Another polar survival story (I have a huge collection) and this one is brilliant. But I’m a fan of Niven’s anyway. We pick up after the disastrous Karluk expedition of 1913. Explorer and unethical, shameless self-promoter Vilhjalmur Stefansson is planning a new attention-getting scheme in 1921: to sail to, explore and claim Wrangle Island for Canada. He lures four men into his service (two who have never stepped foot in the Arctic!), with nebulous contracts, inadequate provisions, sickly sled dogs and one impoverished, 23-year-old Eskimo woman named Ada Blackjack, to serve for a year on Wrangle Island. The young men are starry-eyed and eager to make their names; Ada simply wants to earn enough to help get her five year old son treatment for his tuberculosis.
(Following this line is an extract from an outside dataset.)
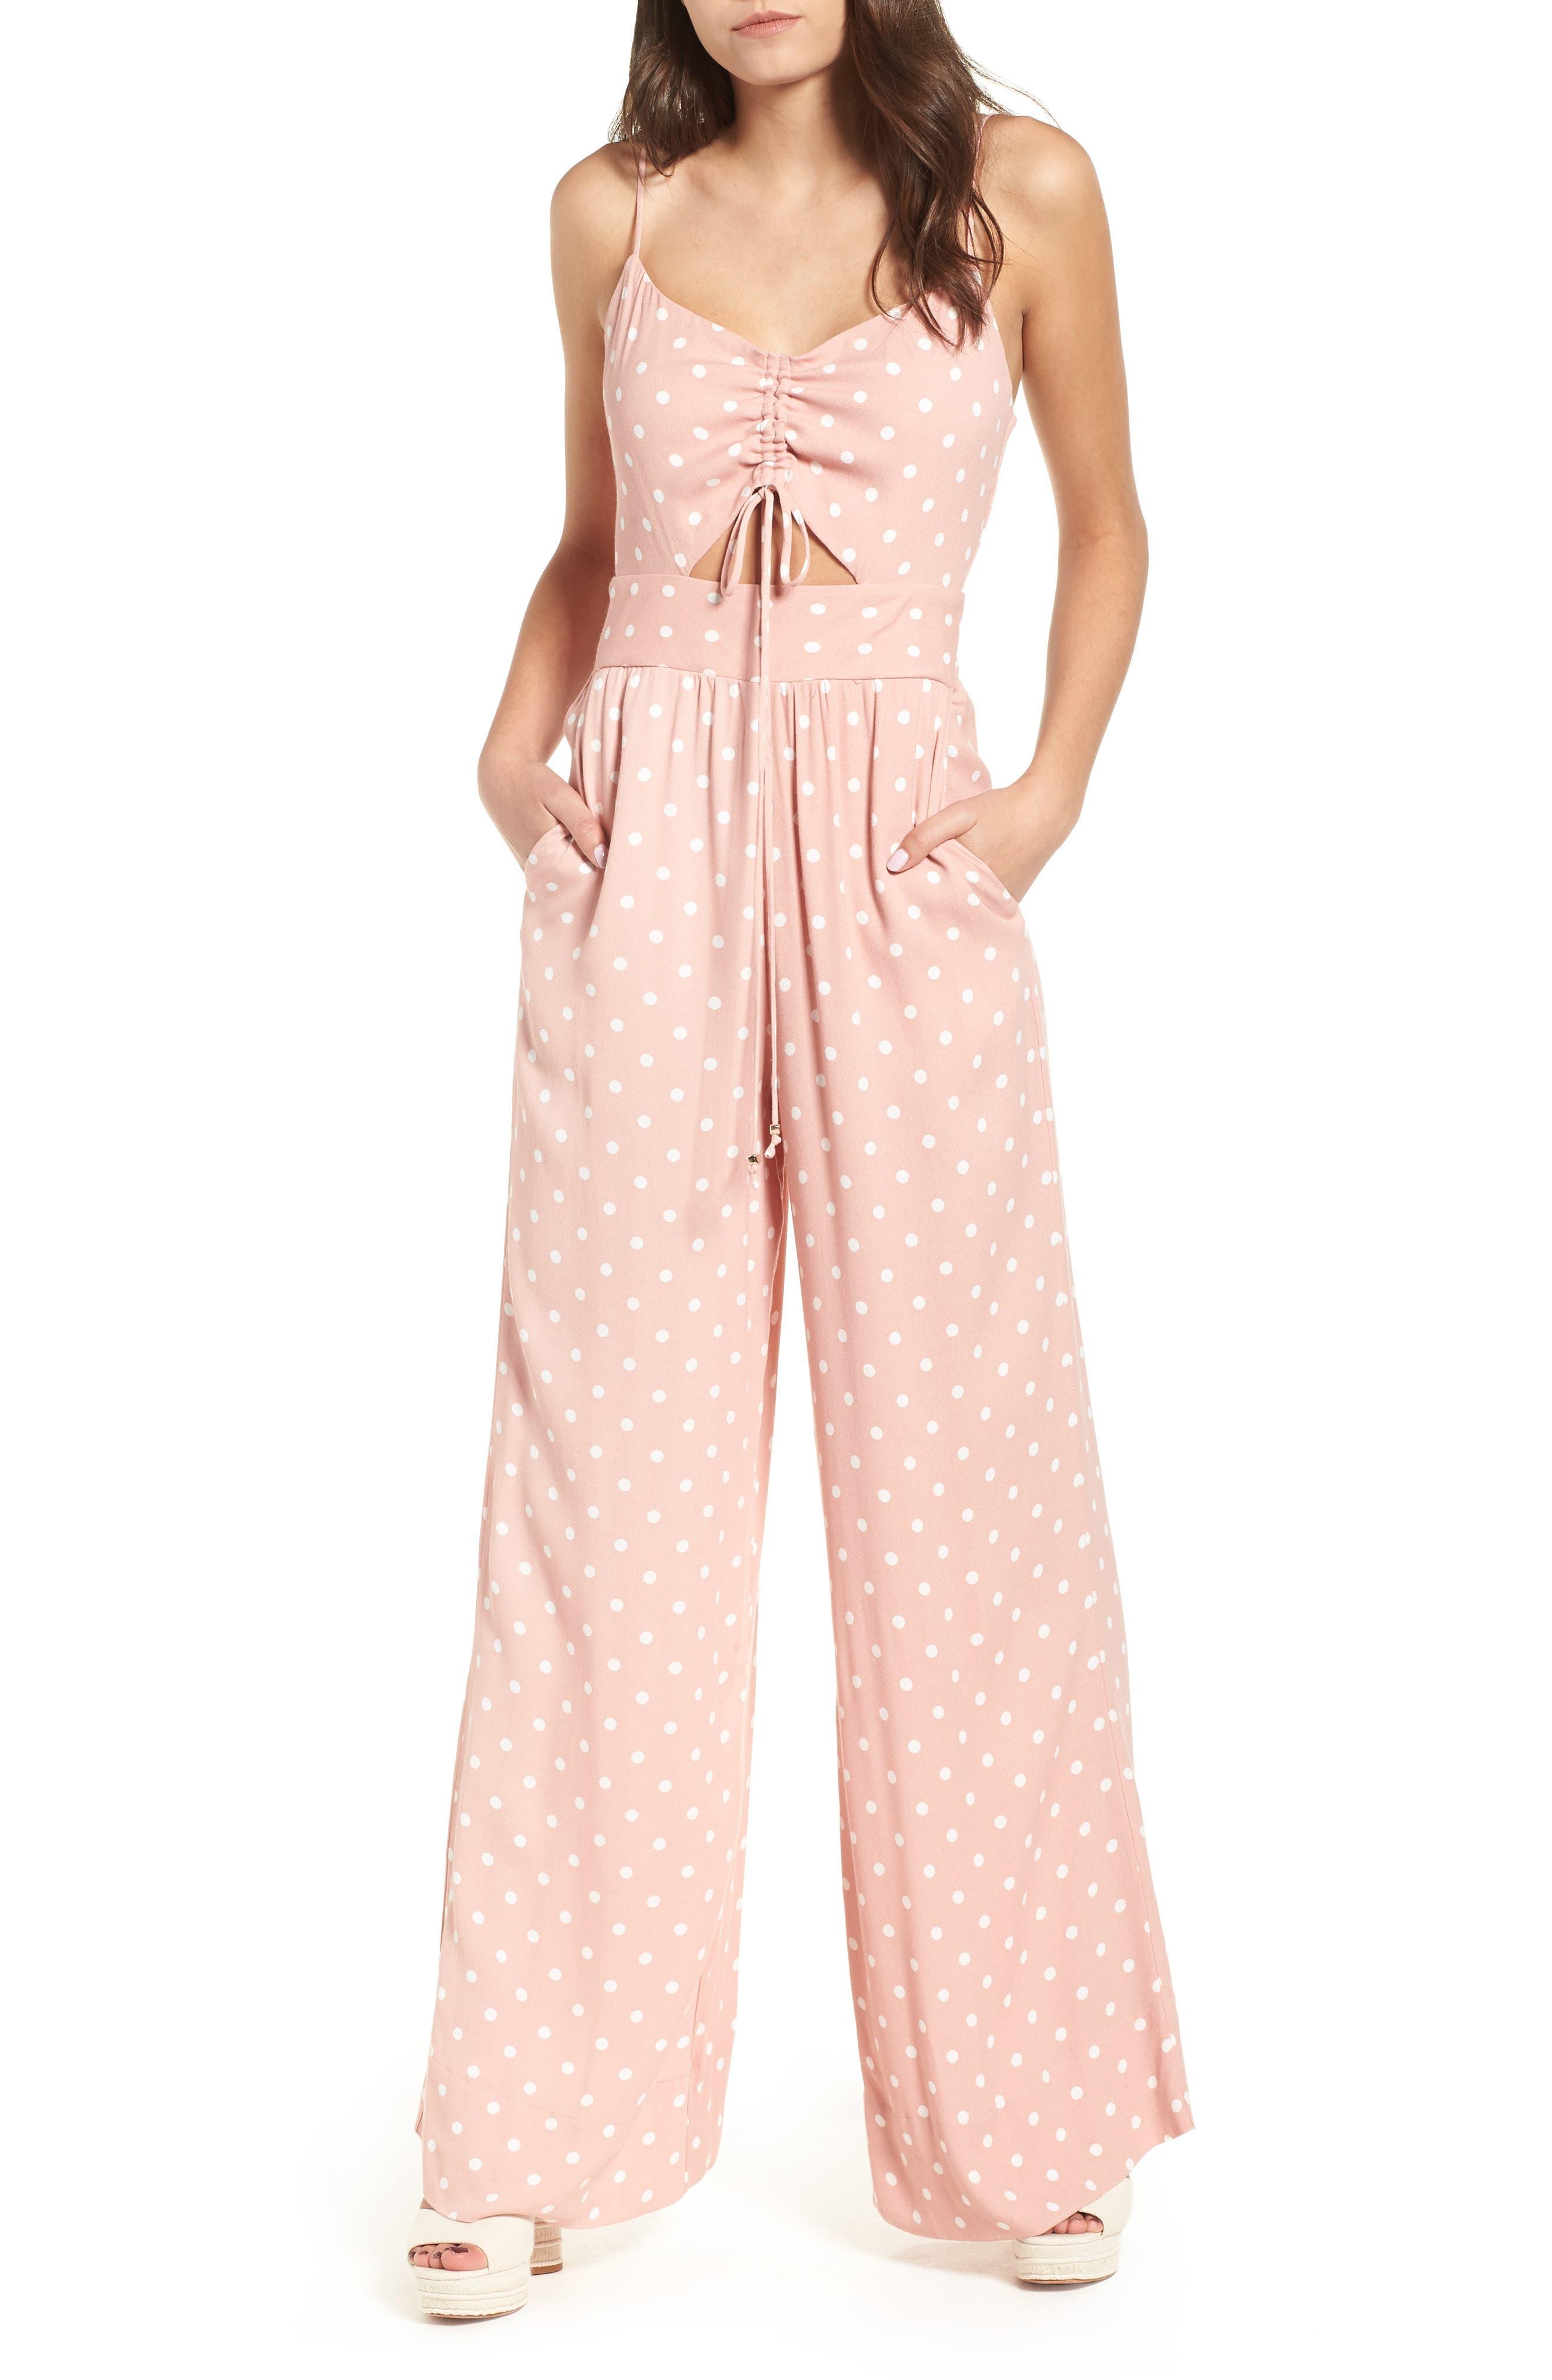 Milan Tie Front Jumpsuit,                         Main,                         color, Misty Rose Polka Dot

Despite Stefansson’s assurances of plentiful game, the uninhabited island is almost barren. When winter sets in, they are tested as never before in their lives. And Stefansson, who didn’t even go, simply puts them out of his mind as he continues to do speeches and scheme new schemes. Eventually starving, three of the men head out to get help, leaving one behind seriously ill with scurvy, and Ada. The story of how she fended for herself should give anyone courage; she survives, but only to face a media circus surrounding the events of her two-year stay. She is hunted, harassed and used. The aftermath of the trip is as amazing as the survival story itself. Survival of a different kind, from the blood-thirsty public and money-hungry rescue operators. This is an inspiring story of a dignified woman who survives horrific circumstances, and is immortalized forever by Niven. And rightly so. Three stars.